Richard Blackburn, global president for Europe, Africa, the Middle East, and biosimilars for Pfizer Essential Health, said that projections of biosimilars’ eventual share of the global biologics market could equate to about $40 billion per year in sales—a figure he called “too big to ignore.”

Blackburn added that sales of Pfizer’s biosimilar infliximab, Inflectra, grew by 66% last year, earning the company $420 million. Despite that that progress, and “notwithstanding our confidence and our optimism about the future…things won’t happen automatically” to spur biosimilar uptake in the United States. Blackburn warned that stakeholders will have to align on their priorities. There remains a need for education to help clear up “misinformation” about biosimilars, as well as a need for fair and equal market access.

There will also have to be a consensus about what constitutes reasonable pricing for a biosimilar product. “While pricing is at the heart of the biosimilars issues, and cost savings are kind of the point here,” he said, the same kinds of savings provided by generic drugs “will not be achievable” with biosimilars given the costs associated with development. “If that’s what stakeholders strive for, then we will find that companies are unable to make money, and we won’t see successive waves of new compounds coming to market over the next 20-odd years.”
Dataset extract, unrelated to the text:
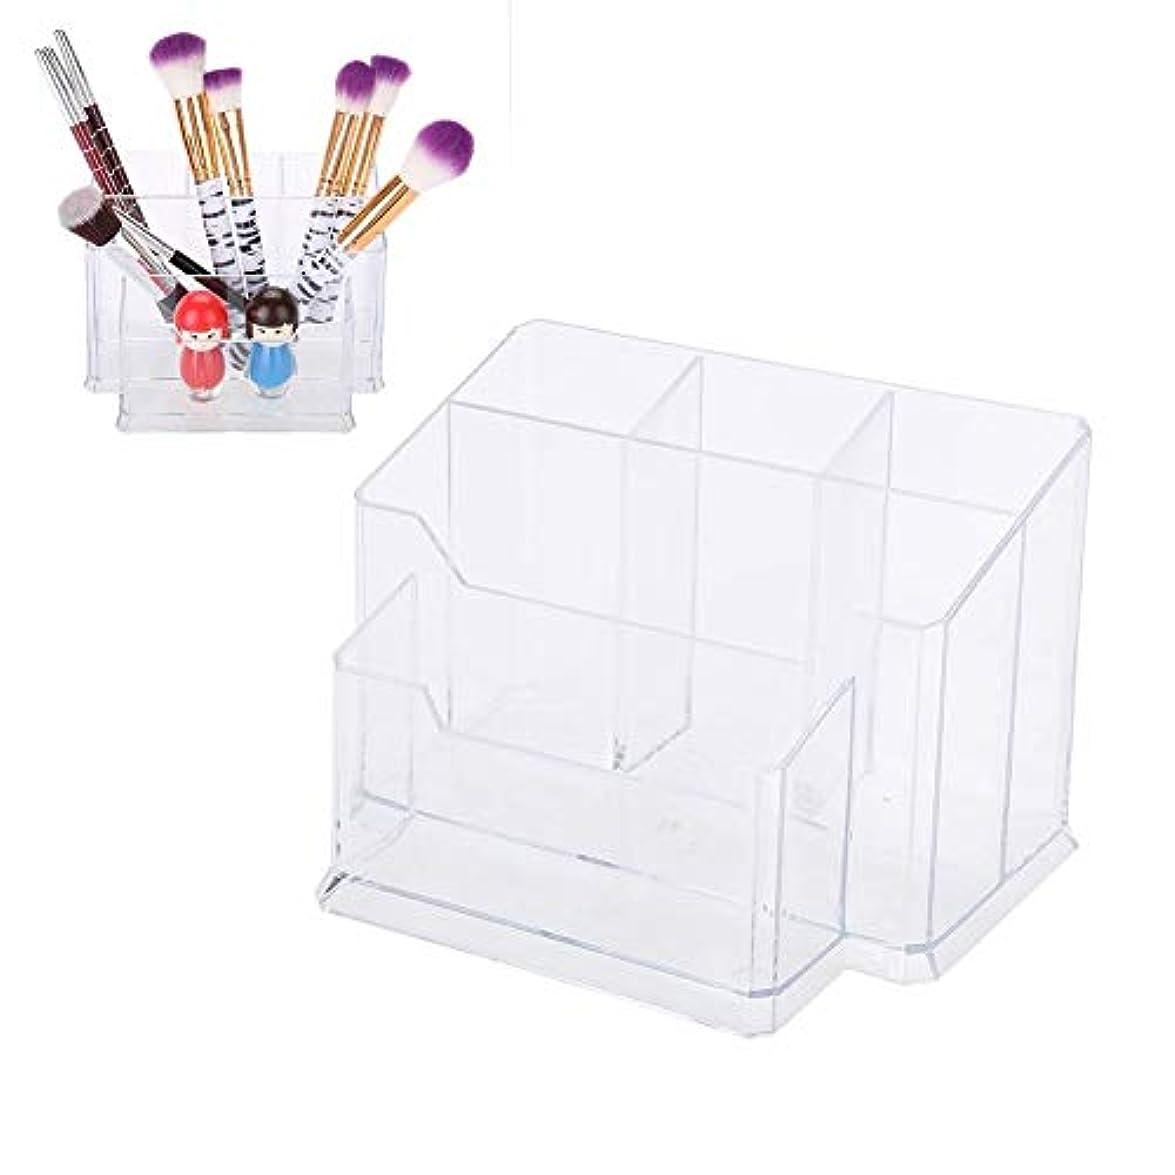 加害者住人神経障害化粧ブラシ収納ボックス アクリル製 コスメ収納 スタンド 口紅 リップ 小物入れ 透明

As far as savings from Inflectra are concerned, Pfizer said that its second-quarter average sales price (ASP) for Inflectra is $650, an approximate 17% discount to Remicade’s $786 ASP. That’s progress from the approximate 13% discount in the first quarter of the year, and an approximate 10% discount in the final quarter of 2017. Discounts provided to hospitals and clinics for the drug are generally higher, in the range of 25% to 40%.

According to John Kennedy, general manager of US biosimilars for Pfizer Essential Health, in the last quarter of 2017, Inflectra had a 5.6% share of infliximab market by volume. About half of that share came from highly integrated systems, such as the United States Department of Veterans Affairs.

“In general, these highly integrated systems have been able to prioritize sustainable cost savings over short-term rebates,” said Kennedy.

However, outside these systems, Kennedy said, contracts struck between payers and the reference infliximab’s (Remicade) sponsor, Johnson & Johnson (J&J), have been creating hurdles for Inflectra in the marketplace. “Anticompetitive practices, like J&J’s exclusionary contracting, need to be stopped,” he said.

Blackburn added that “the extent to which we’ve seen exclusionary practices in the [United States] probably has been the thing that … we’ve had to deal with perhaps more than we anticipated.”

Pfizer has not yet seen the contracts used by J&J, Eric Aaronson, JD, senior vice president and chief counsel for Pfizer Essential Health, made clear, but Pfizer’s position on J&J’s contracting—as well as on its purported bundling of products—is informed by discussions with payers, and led to its lawsuit against the Remicade maker in 2017.

J&J has filed a motion to dismiss that lawsuit, and both parties are awaiting the court’s decision in the matter. However, according to Aaronson, the motion to dismiss did not deny any of Pfizer’s allegations. “Take whatever you want from that,” said Aaronson.

Looking to the future, Amrit Ray, MD, global president of research and development for Pfizer Essential Health, highlighted a pipeline of 7 late-stage biosimilar candidates, comprising adalimumab, trastuzumab, rituximab, bevacizumab, epoetin alfa, filgrastim, and pegfilgrastim, and said that Pfizer has 5 other proposed biosimilars in preclinical development.